I totally agree. We should to proper trials on all manner of medical approaches and discern what works and what doesn't. Big Pharma is certainly guilty of profiteering. Mind you, the profits margin on homeopathic sugar nibs is far greater.

Merrick wrote:
Big Pharma is certainly guilty of profiteering. Mind you, the profits margin on homeopathic sugar nibs is far greater.
You mean that the profit margin on a small bottle of sugar water is enormous, yes... but the totality of the homeopathic market is dwarfed by the establishment medical scene. The profits of the big pharmaceutical corporations in the USA are colossal compared to the alternative medicine market.

"Mind you, the profits margin on homeopathic sugar nibs is far greater."

Are you serious?

The big pharma companies generate the largest profit margins not from complementary medicines but from 'trademark' products and being the first in the bullying race to develop these medicines......GSK - zantac, asthmatic/ inhalation medicines, Novartis - flu, cold, cough medicines, massive profits off the swine flu problem, putting them several notches up the big pharma top ten. Pfizer - Sutent, Viagra etc. Sutent can cost people with the wrong postcode £3.5K a month for treatment. Most of the above products are incredibly cheap to manufacture, seal, package, inspect and release to market against the sale prices.
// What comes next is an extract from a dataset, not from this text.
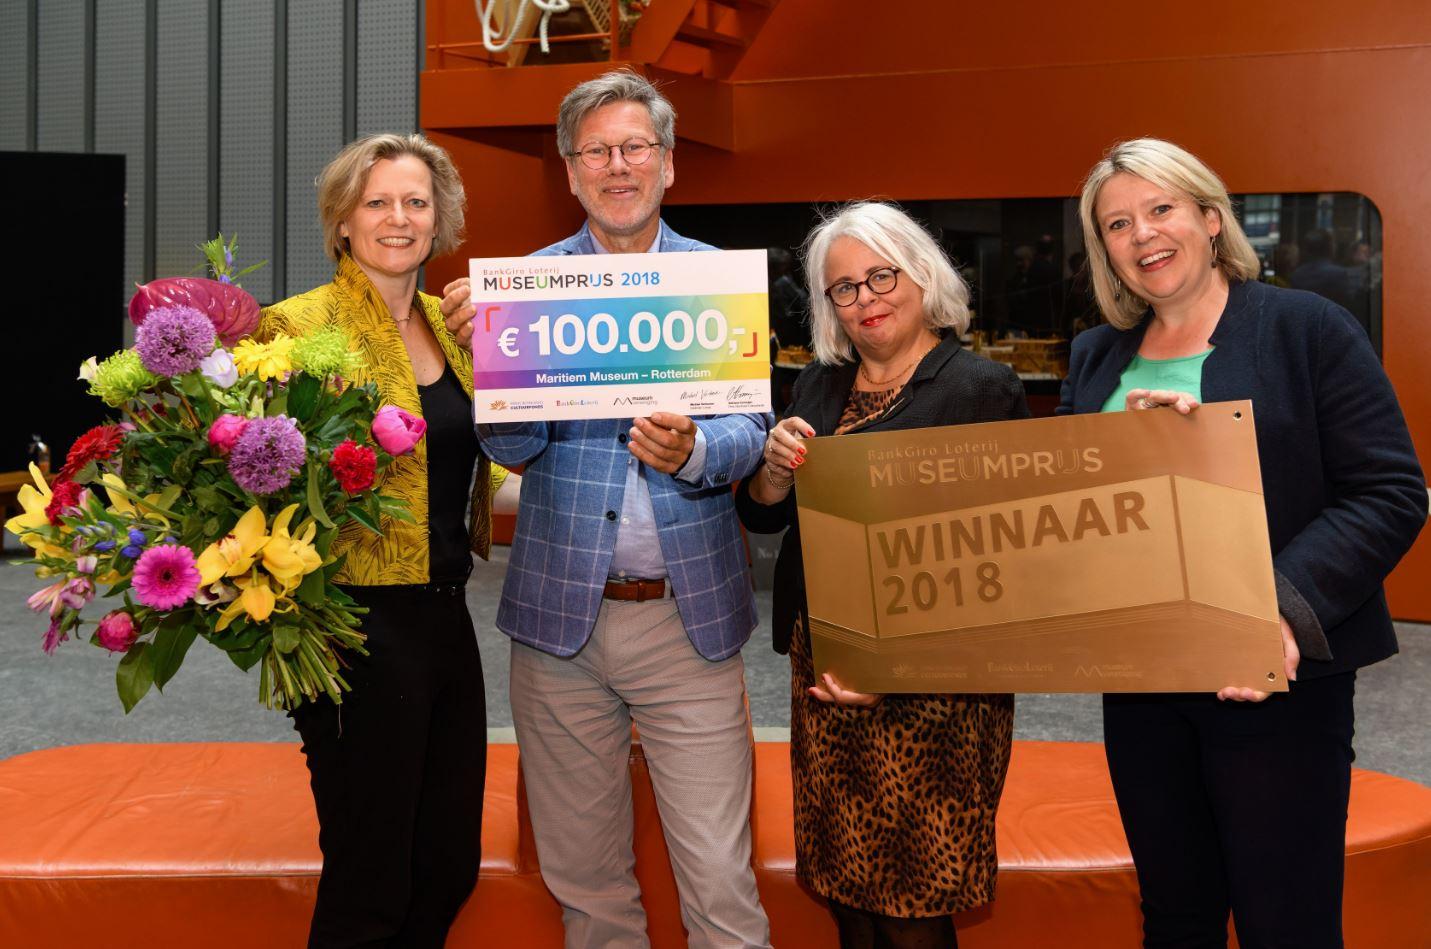 2018 museumprijs maritiem museum

The intense race for position of pharma industry is why there are occasional unanswered questions concerning the validity of thorough clinical trials and process inspection prior to product launch.

Excipients, containers, packaging costs for the big selling trademarks are low. Tabletting presses, filling machines, labellers, cartonners, checkweighers etc are inexpensive machinery which can last up to 20 years in validated state. Production lines normally operate at 100 units per minute minumum. Work out the figures against drugs manufactured for popular symptoms (colds etc).....also the more serious the treatment condition is, the more expensive the drugs generally are but are generally not expensive to manufacture.

Sugary water or low content tablets still go through the same production and packaging processes and have similar constraints. The packaging and presentation is no cheaper nor is the R&D performed on them. Homeopathic medicines are small fry to big pharma against their popular sellers. This could change in time if there is massive sea change but unlikely.